House Minority Leader Nancy Pelosi (D-Calif.) supports the Obama administration’s decision to take Cuba off of the state-sponsored terrorism list, saying the move is “so long overdue.”

Pelosi also said Obama is handling the negotiations with Iran over its nuclear program “excellently.”

“Absolutely. It’s so long overdue. I think it should be generally accepted. Now we can start to begin the conversations about having a normalized relationship – embassies in each country, go forward in our hemisphere as good neighbors,” Pelosi told PJM at the Grammys on the Hill event in Washington.

“I don’t think Cuba should be on the terrorist list. I don’t think it’s a matter of negotiation. Either they should be on or they should be off and so I think they should be off,” she said.

Rep. Jerry Nadler (D-N.Y.), who was honored at the event for his advocacy on behalf of recording artists, shared the same view.

“I think it sends a good message. It says that Americans are reasonable and when the Americans decide they have to set their feet down and take whatever actions, you know that they’ve tried alternatives first,” he said. “The fact is we ought to do the right thing. We ought to take Cuba off the terror list if they are not in fact any longer promoting terrorism, regardless of Iran or Russia or anything, we shouldn’t keep someone on the terrorism list if they don’t deserve to continue being there.”

Nadler said it is way past time to normalize relations with Cuba.

“We have relations with communist north Vietnam, communist China, why not with Cuba?” he asked.

Pelosi was asked if she is satisfied with the way President Obama is handling the Iran nuclear deal.

“I think the administration has been handling it excellently and I think this compromise on the bill is not harmful. I think the Corker legislation was very harmful,” she said. “It would undermine the negotiations so I’m glad we’re rid of that. In its revised form, it’s much less harmful but I think the president has done a great job and I congratulate him.”

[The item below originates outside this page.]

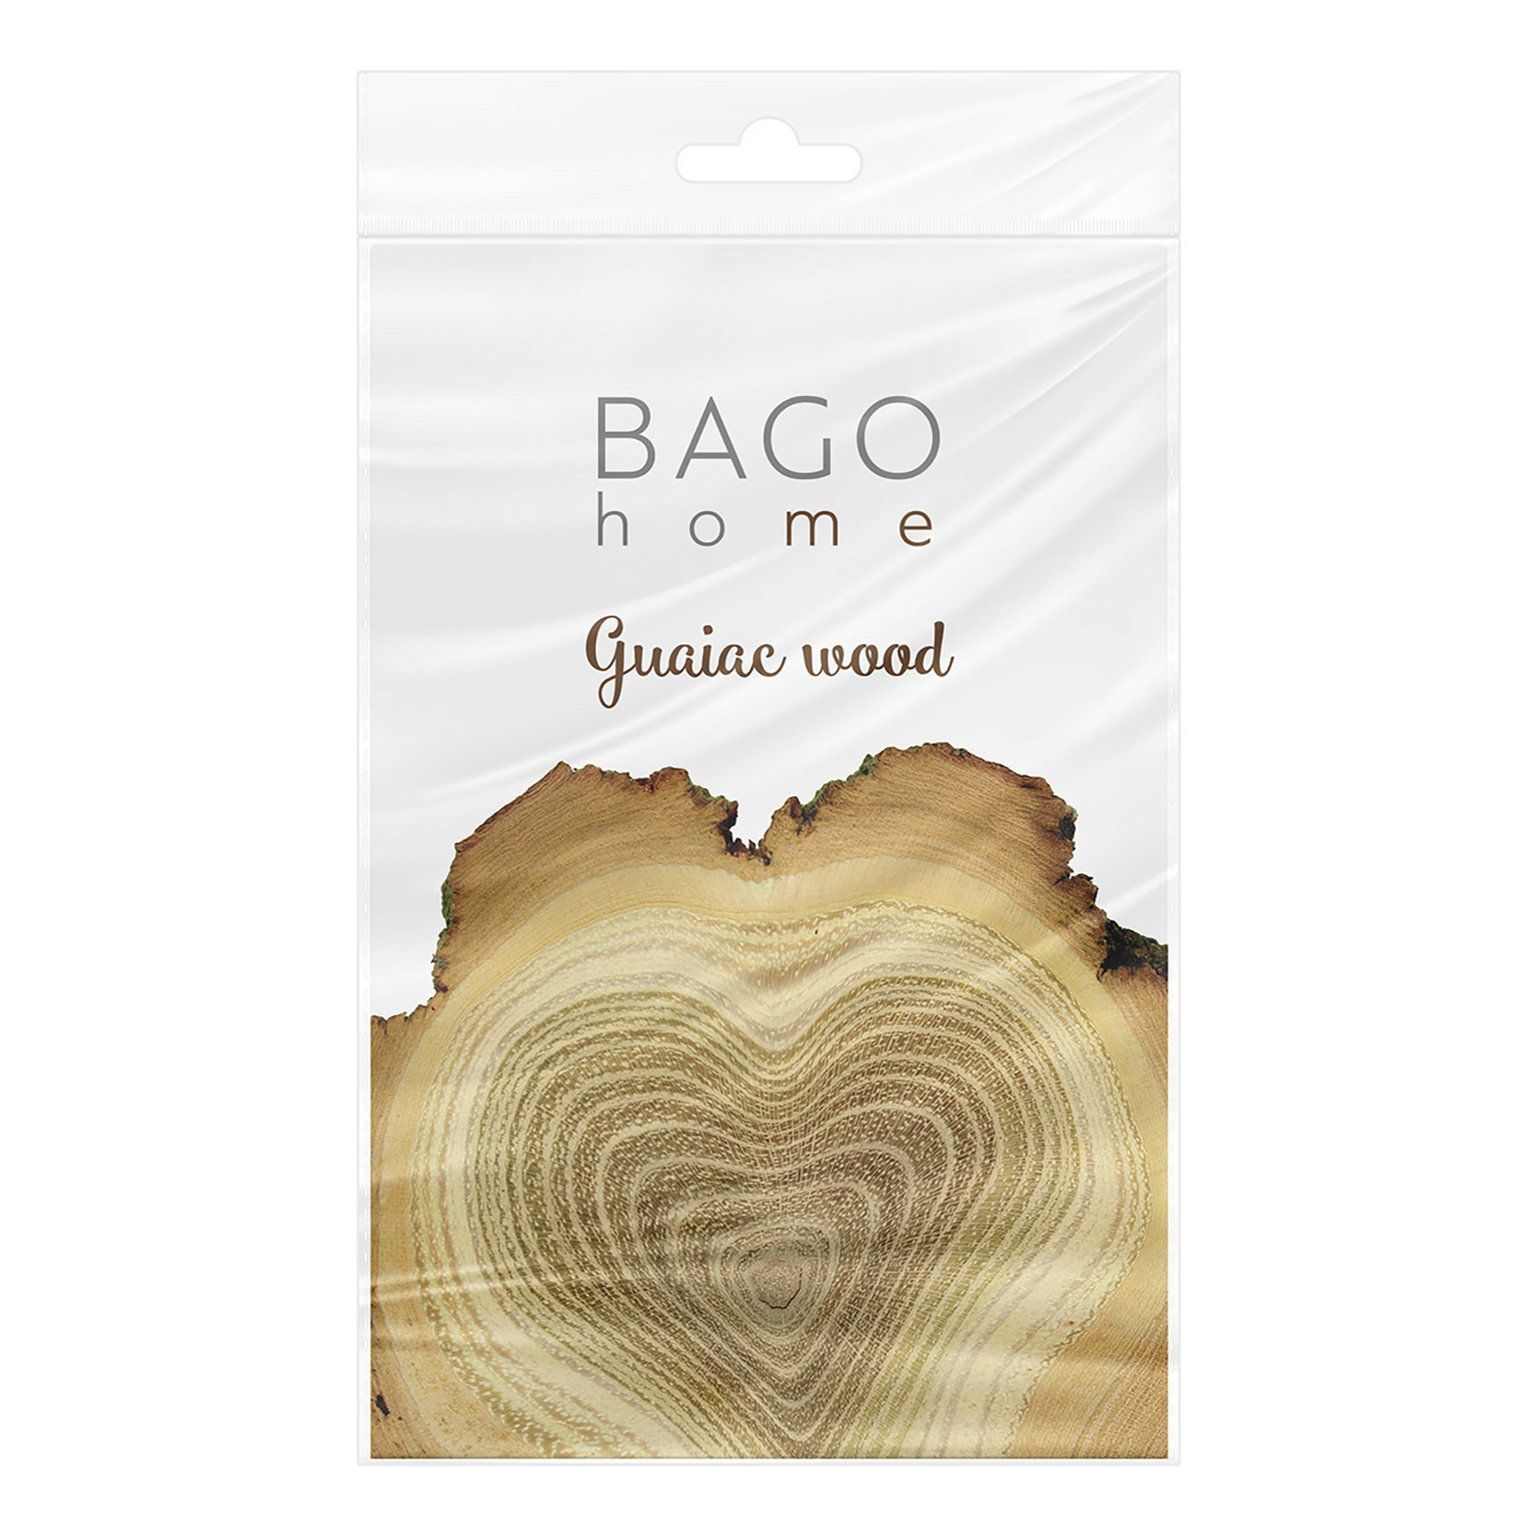 

Саше ароматическое для жилых помещений Bago home Ориджиналс Гваяковое дерево 15 г

Nadler said Iran is still promoting terrorism and developing ballistic missiles but every issue with Iran cannot be dealt with at the same time.

“In an ideal world, Iran would not have any enrichment capabilities. They wouldn’t continue to develop ballistic missiles, etc., but we don’t live in an ideal world. I assume the administration is negotiating the best deal they can and if it is sufficient in preventing Iran from getting a nuclear bomb, that’s fine,” he said. “We still have other problems. They are still promoting terrorism. They are still developing ballistic missiles. We’ll have to deal with that separately. It would be nice if you could deal with it altogether but you can’t.”

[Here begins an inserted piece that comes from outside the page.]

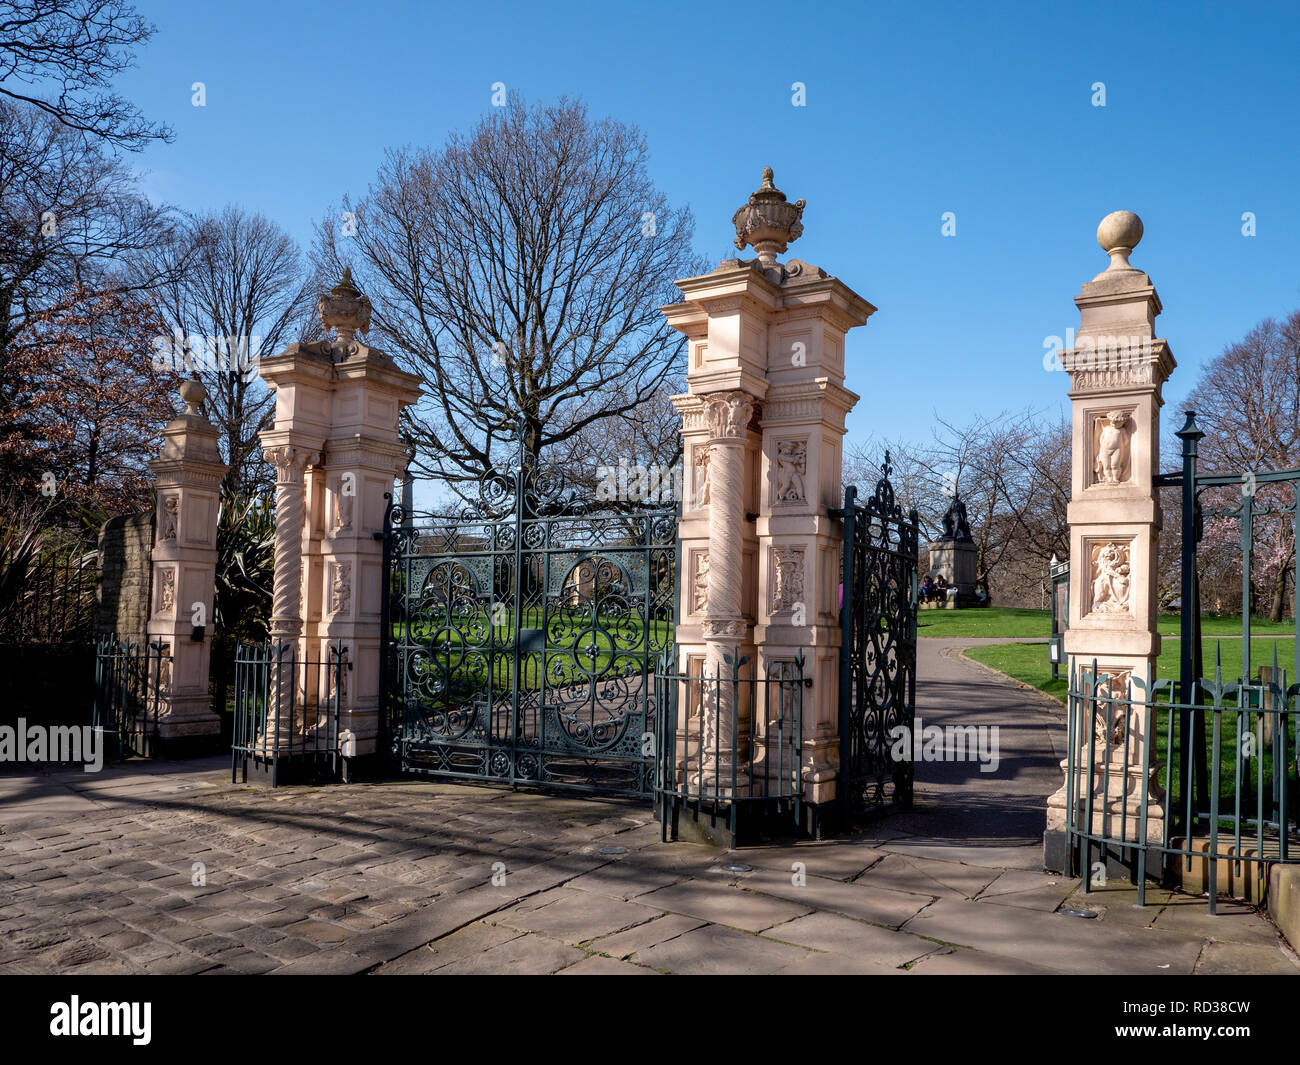 Entrance gates to Weston Park, Sheffield, South Yorkshire, England, UK. Stock Photo

At the event, Nadler advocated for the recently introduced Fair Play, Fair Pay Act, which would pay vocalists performance royalties for terrestrial radio play.

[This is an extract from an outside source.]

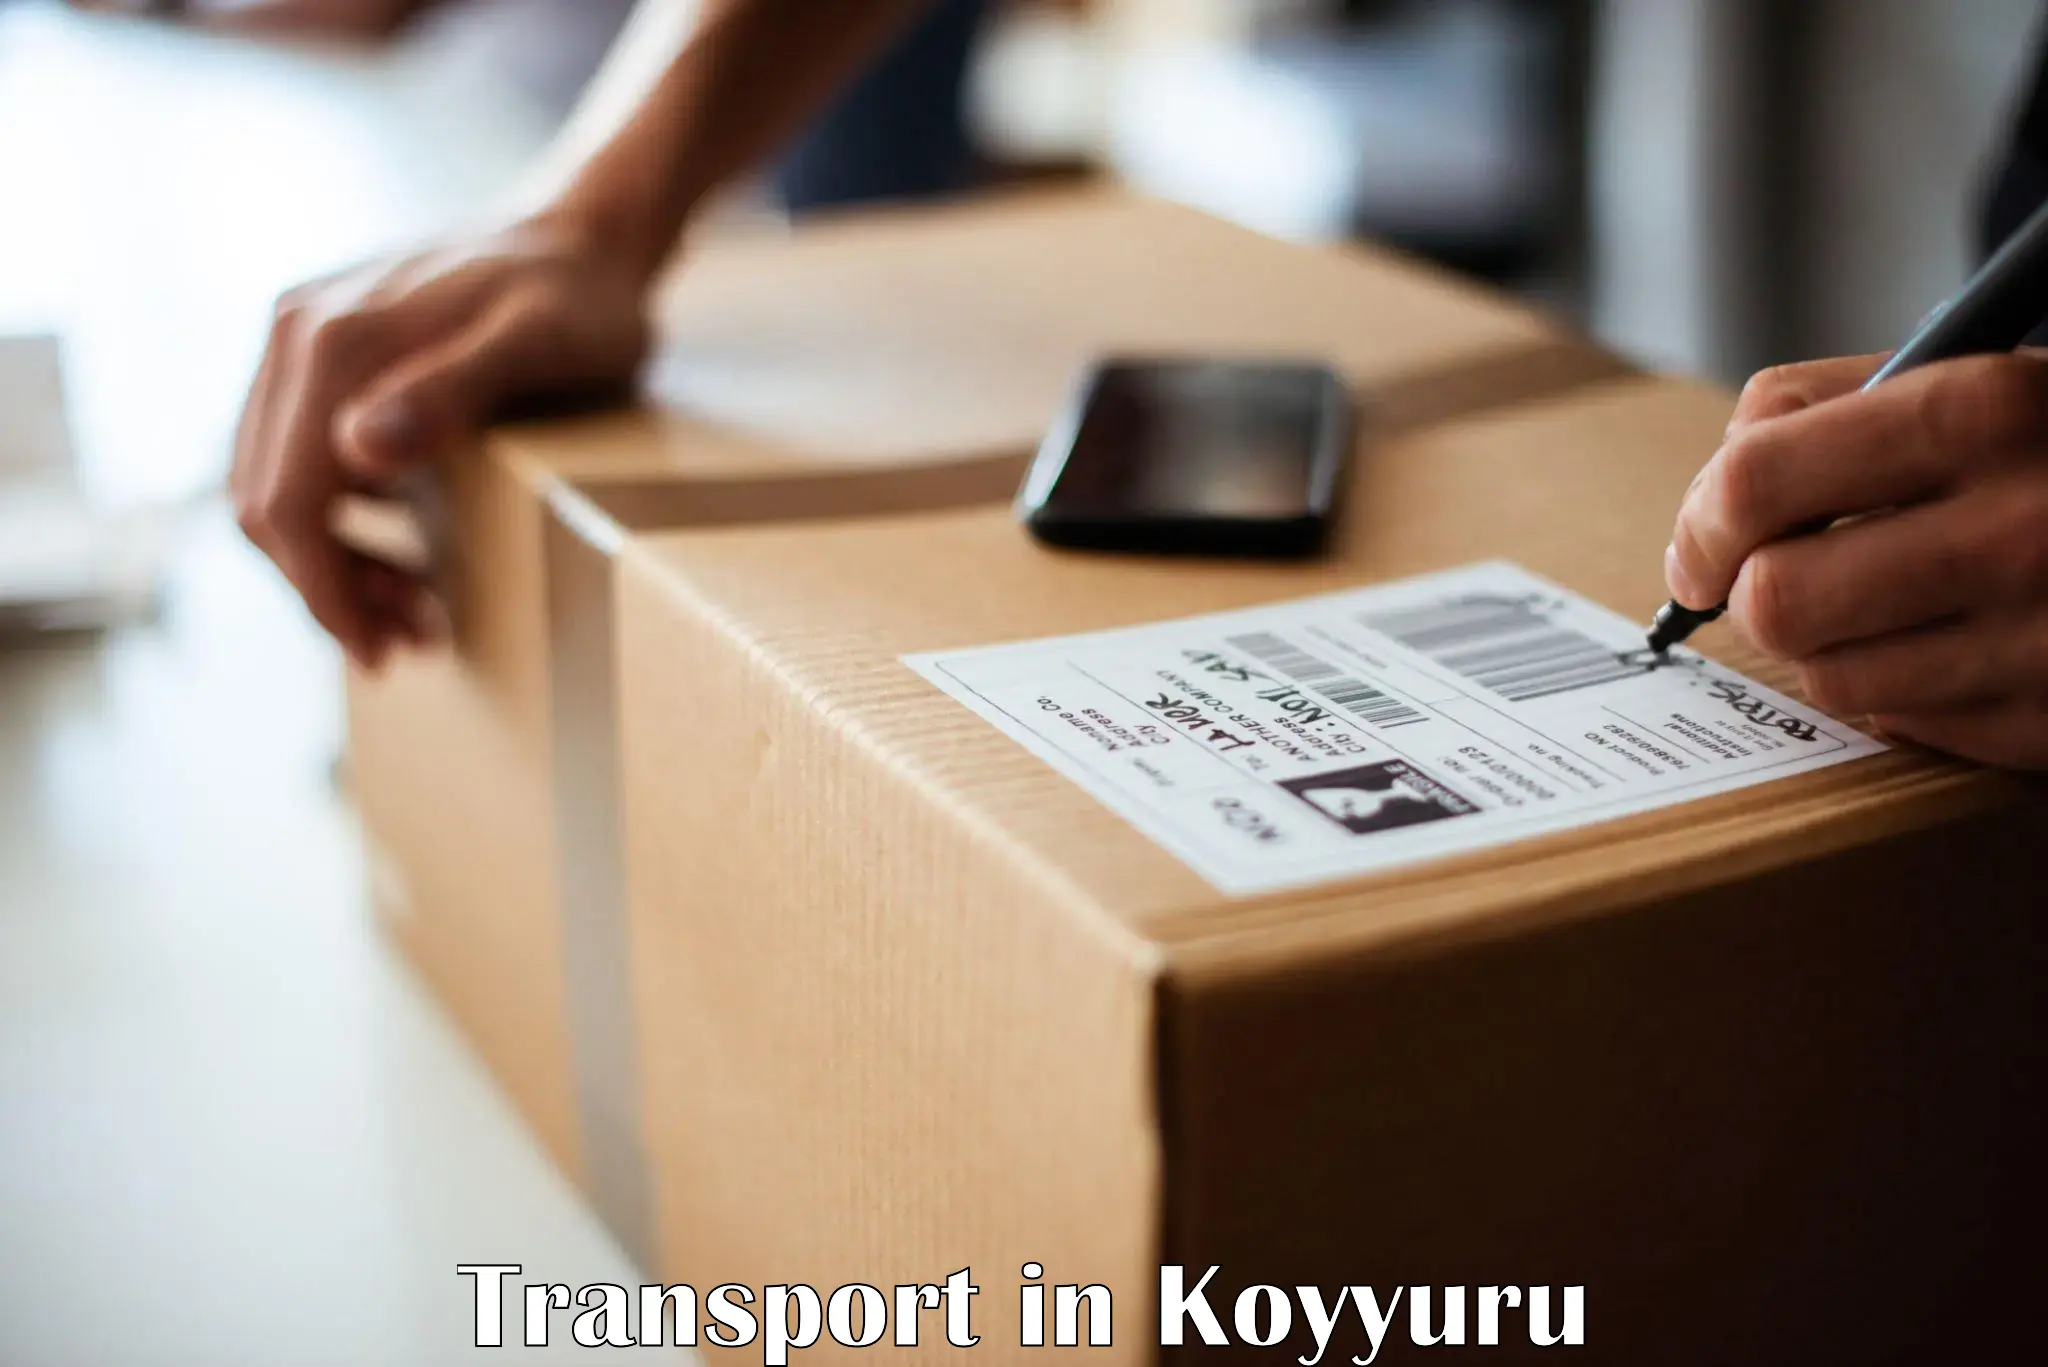 Online transport service in Koyyuru

“We live in a capitalist society where normally you don’t give away your work for free and the price is normally settled by you and I both agree if I am selling you a service,” said Nadler, one of the sponsors of the bill. “The radio stations say, ‘well, they’re being compensated by promotional value.’ Well, they don’t agree with that so they shouldn’t be forced to do it. It’s anomalous. We’re anomalous – the only countries in the world that don’t have a performance right are North Korea, Iran and the United States. We’re in great company and we shouldn’t be.”

Nadler also said American musicians do not get paid when their music is performed in Europe or anywhere else.

“It’s a tremendous amount of money that’s lost for Americans whose work is performed abroad, so it’s only fair,” said Nadler, ranking member of the House Judiciary Subcommittee on Courts, Intellectual Property and the Internet. “Traditionally, you might say it wasn’t that important because most of your income came from the sales of records and albums, but that’s not true anymore. If we don’t allow performing artists to get paid for radio, you’re going to have a lot fewer performing artists, which you are already seeing.”

The Recording Academy also recognized House Judiciary Chairman Bob Goodlatte (R-Va.) for his support of artists’ rights.

First Lady Michelle Obama made a surprise appearance at the ceremony to present Grammy award-winning singer/songwriter Alicia Keys with the Recording Artists' Coalition Award.